What needs to be done ->
Transcribe each line below verbatim; pictures excluded.
(Given data)
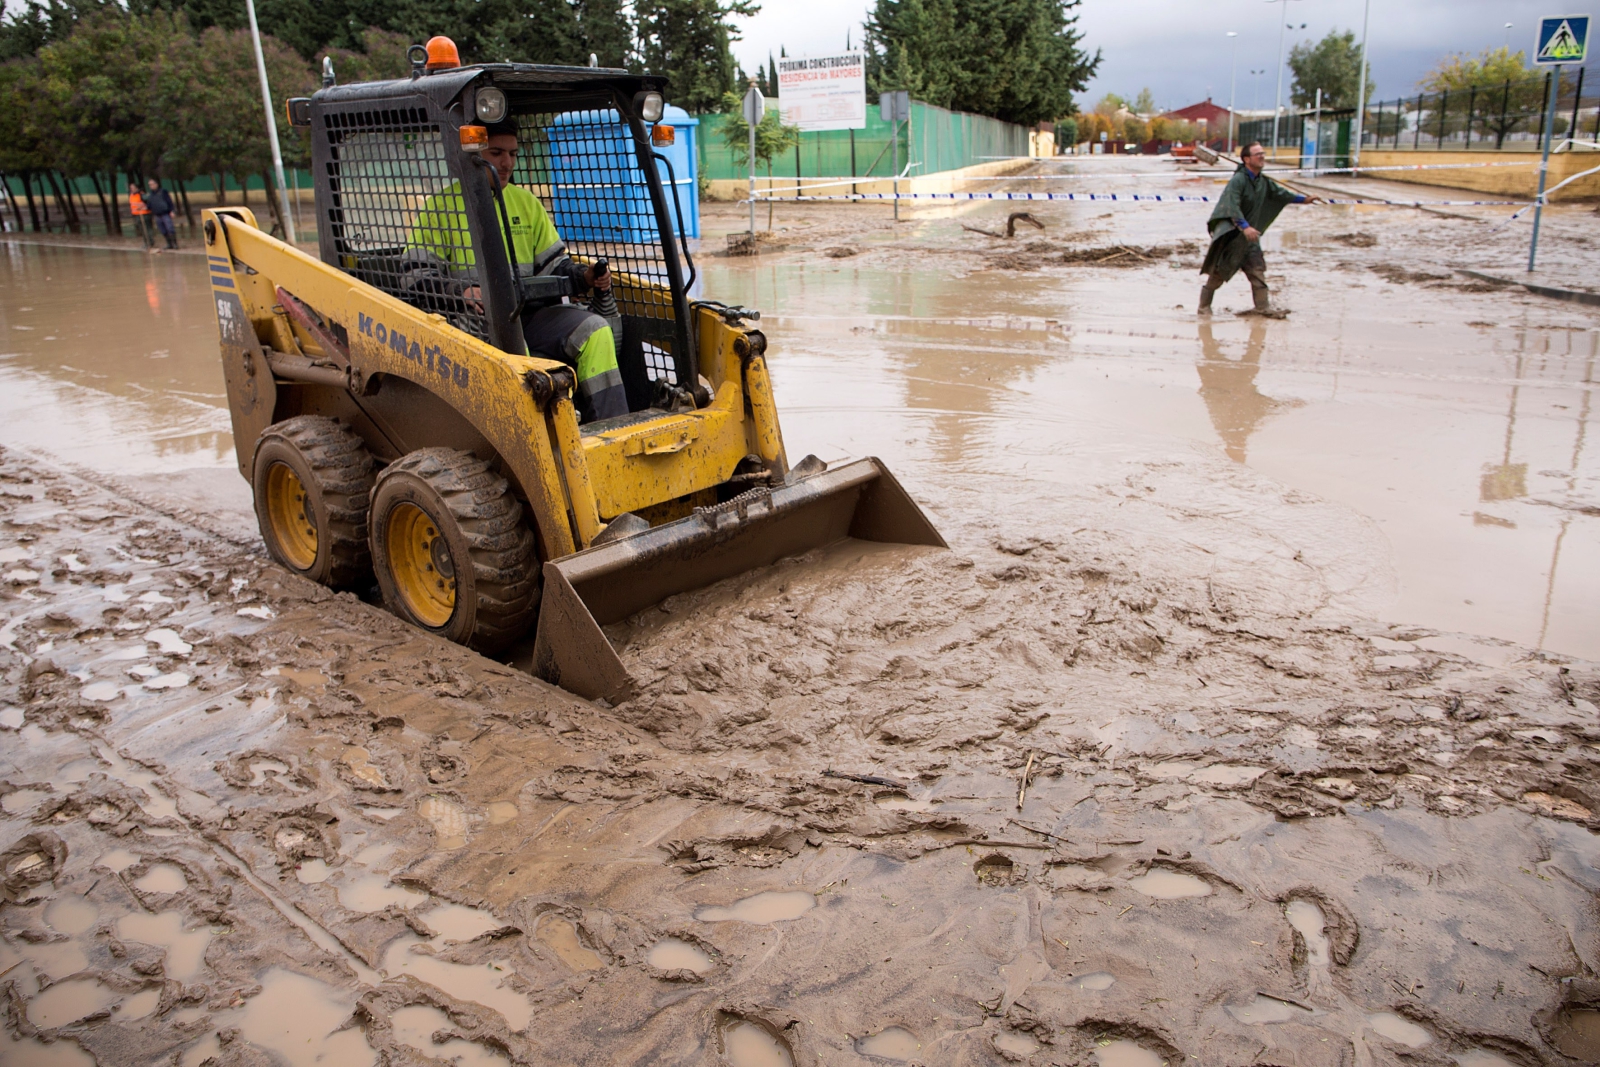 Koparki sprzątają ulice w Campillos, Hiszpania po powodziach.
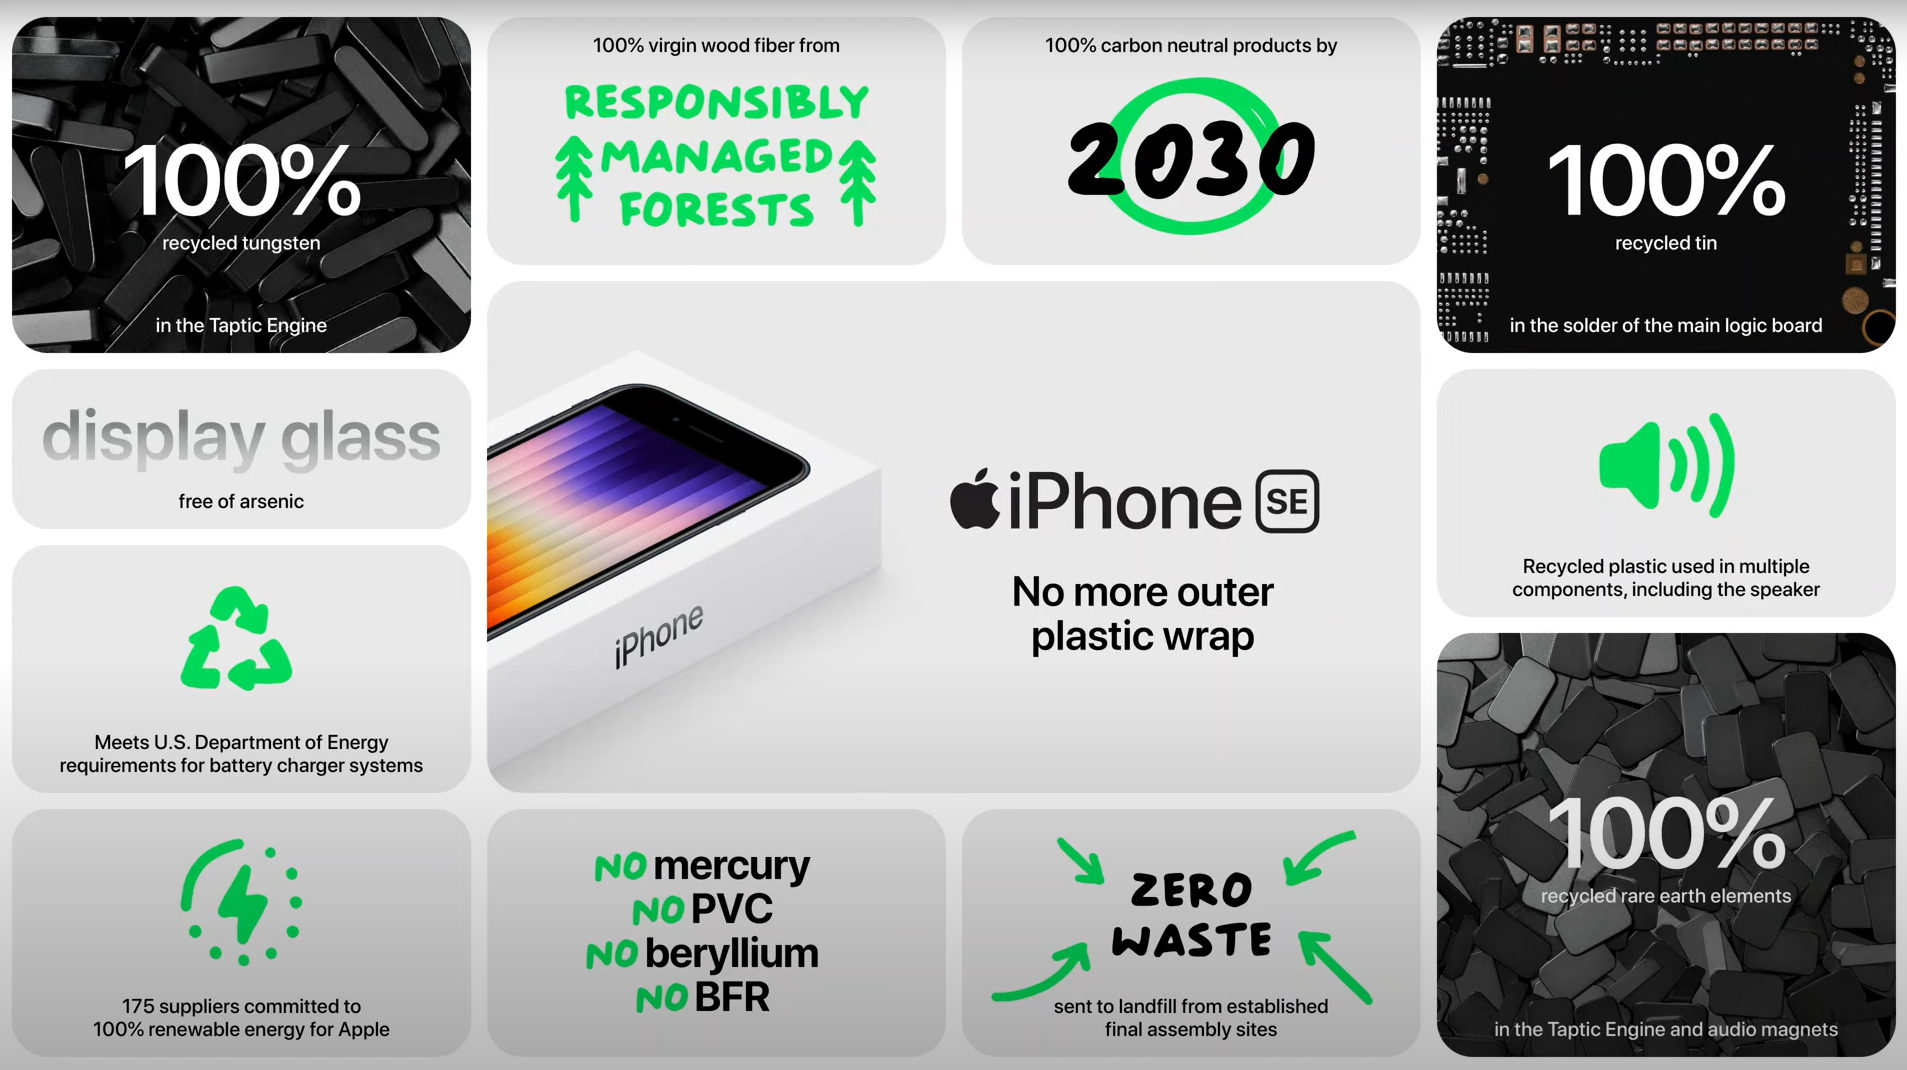 Képmutatás vagy felelősségvállalás? - Az Apple és a fenntarthatóság - 2. rész
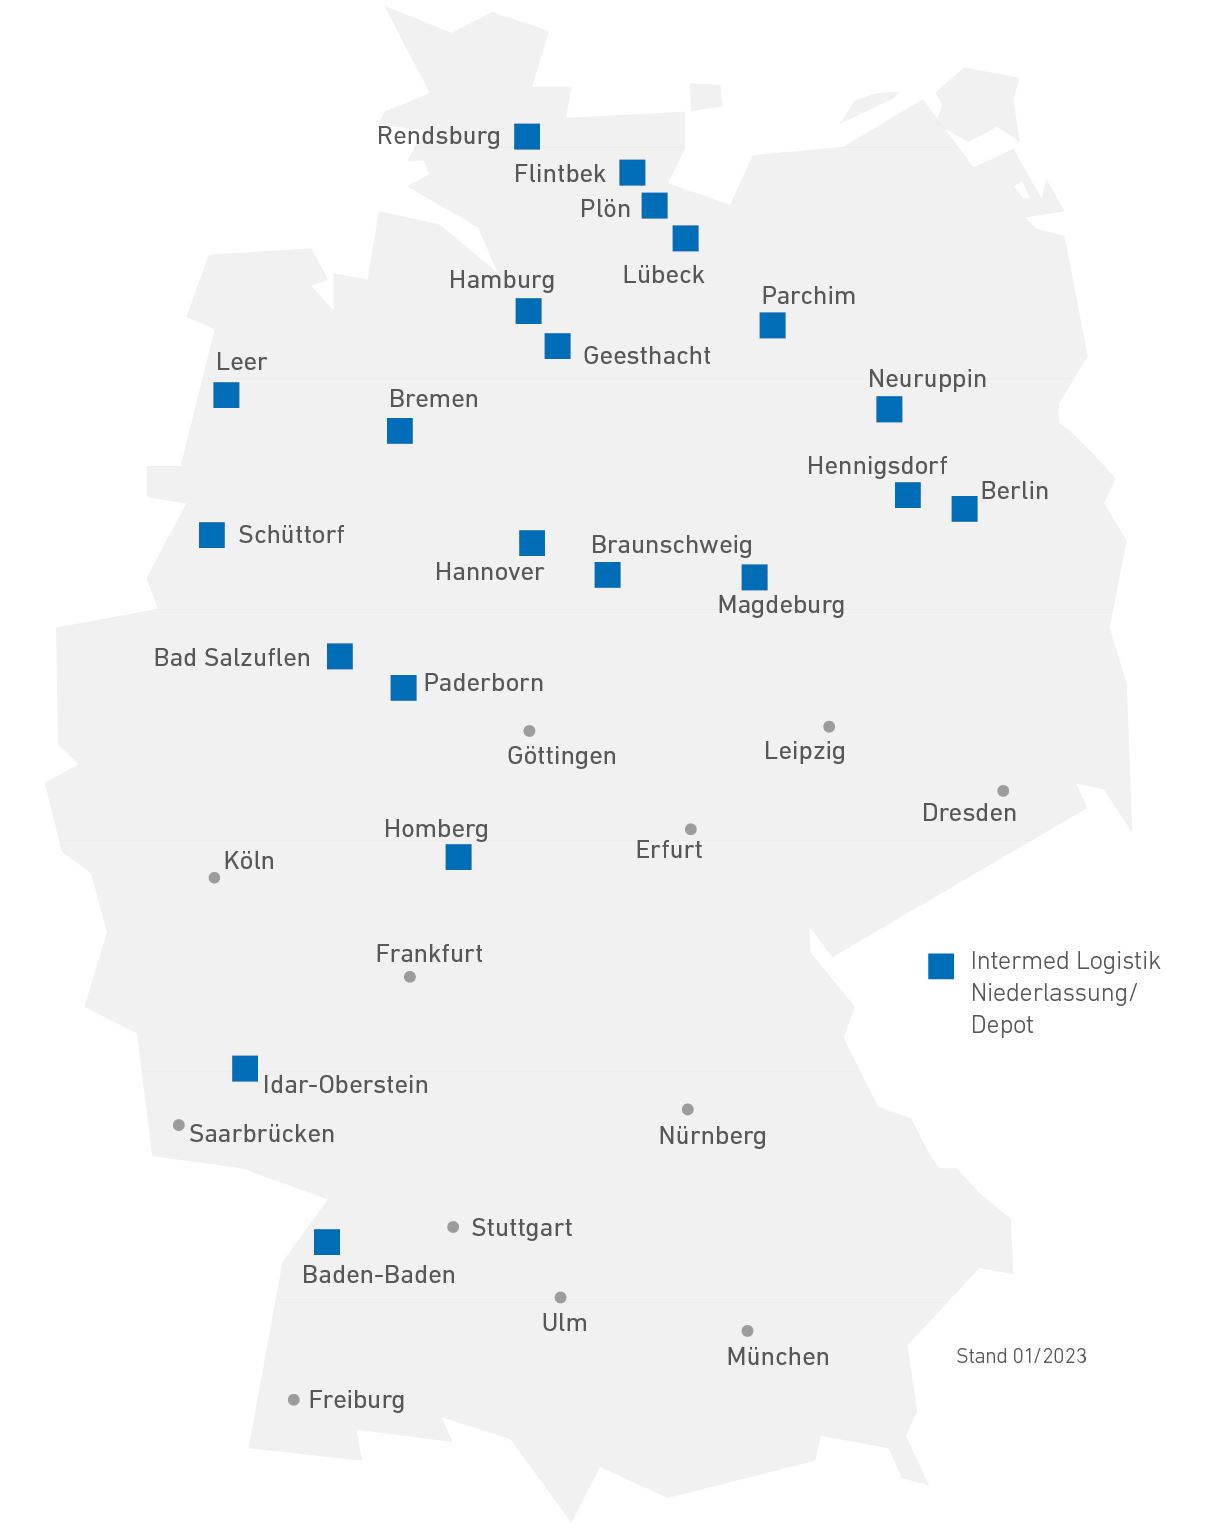 Intermed Logistik Niederlassungen in Deutschland
(End Given data)
Solved exercise ->
 Koparki sprzątają ulice w Campillos, Hiszpania po powodziach.
 Képmutatás vagy felelősségvállalás? - Az Apple és a fenntarthatóság - 2. rész
 Intermed Logistik Niederlassungen in Deutschland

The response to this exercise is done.